10 Perfect Rock Albums Of The 1980s

Era of Musical Giants.

U2 The Joshua Tree
Island

Once the flabbiness of '70s rock faded, the next decade was about to be a whole lot more fun. While it might seem beyond cheesy now, there's still a lot more quality in the '80s that we don't need the rose colored glasses as much. But what exactly made this decade glorious to begin with?

If you had to place blame, a little station called MTV was probably your prime candidate for making the '80s happen the way they did. Now that we got to actually see the artists perform these songs, it almost felt like there was more flesh and blood to everything that you heard on the radio. When you strip away the gimmicks, these were the kind of songs that felt like more than just your average party jam that you could blast out of the back of your car.

No, these were songs that felt like they could last long after you're gone, with messages the spoke more to your soul than to any casual rock fan.

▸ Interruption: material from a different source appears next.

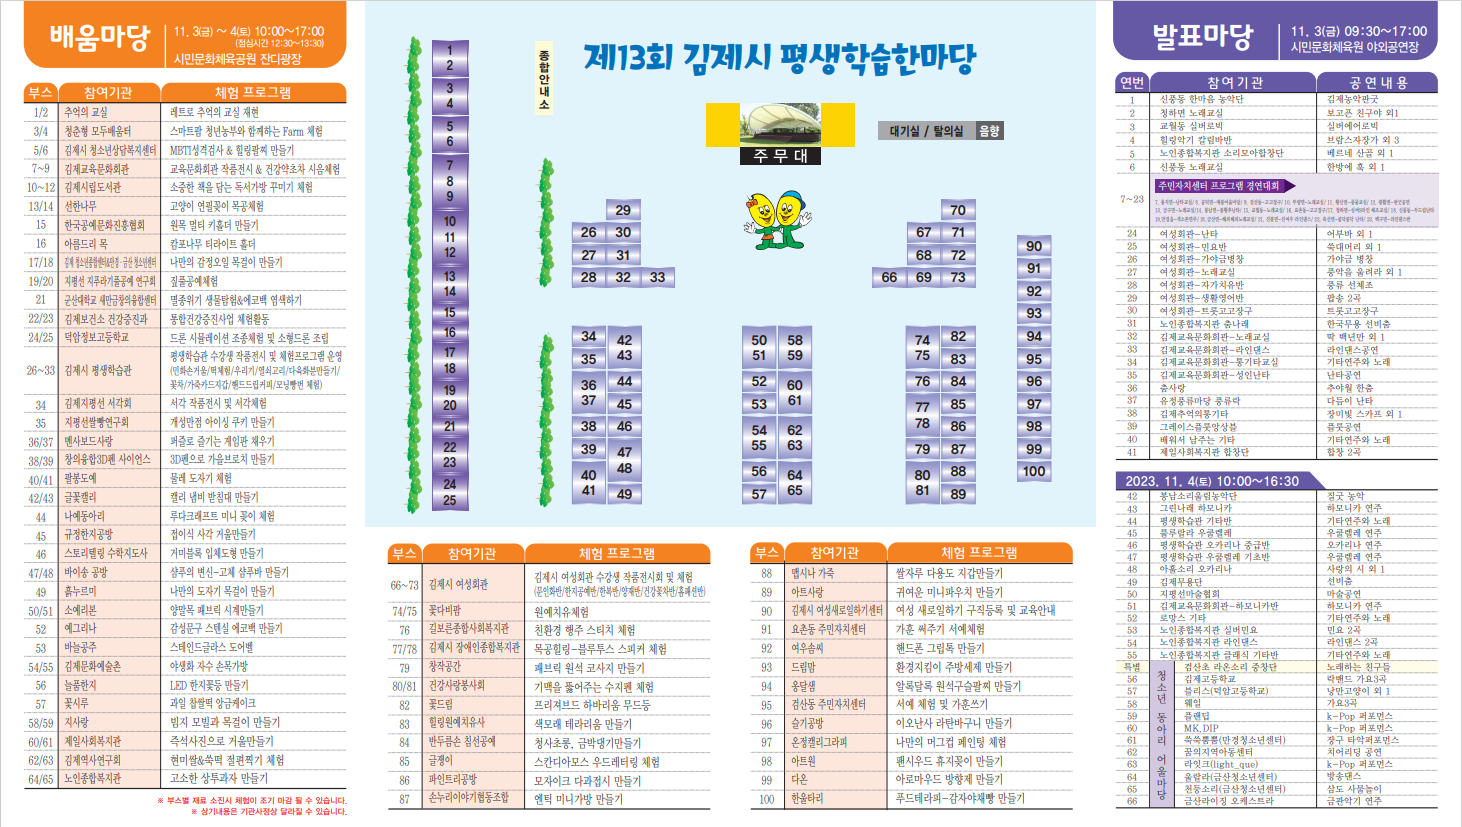 제13회 김제시 평생학습한마당 홍보리플릿-2(축소)

As much as some genres like hair metal may have come off as campy, these are the songs that became the soundtrack of the future. Compared to the normal fare you would find in the '90s and beyond, these are the anthems that had the power to shake the world.

10. Permanent Waves - Rush

Once the era of MTV kicked into high gear, the world of prog rock was dealt a significant blow. Though bands like Yes and Genesis did manage to transition into the music video era pretty well, the age of mile long solos and Emerson Lake and Palmer had long since faded from view. Even when people were pairing things down and making everything simpler, Rush kept their complexity and managed to hit the charts anyway.

Coming at the very start of the '80s, Permanent Waves is the sound of this Canadian three piece finally finding out what works best for the Rush mold, incorporating everything from reggae music to multi part songs without batting an eye. Though some of these tracks are a bit on the long side for rock radio standards, it would take a strong listener to hear the opening lick of Spirit of Radio and decide to turn the dial.

When breaking down the lyrics, this is also one of the more emotional albums that Rush would ever make, with Neil Peart dealing with the idea of freedom of choice on Freewill and the harsh realities that come with trying to find human connection on Entre Nous. The subject matter might seem dour as all hell on the first listen, but the actual music is some of the most fun that you will have while listening to prog rock.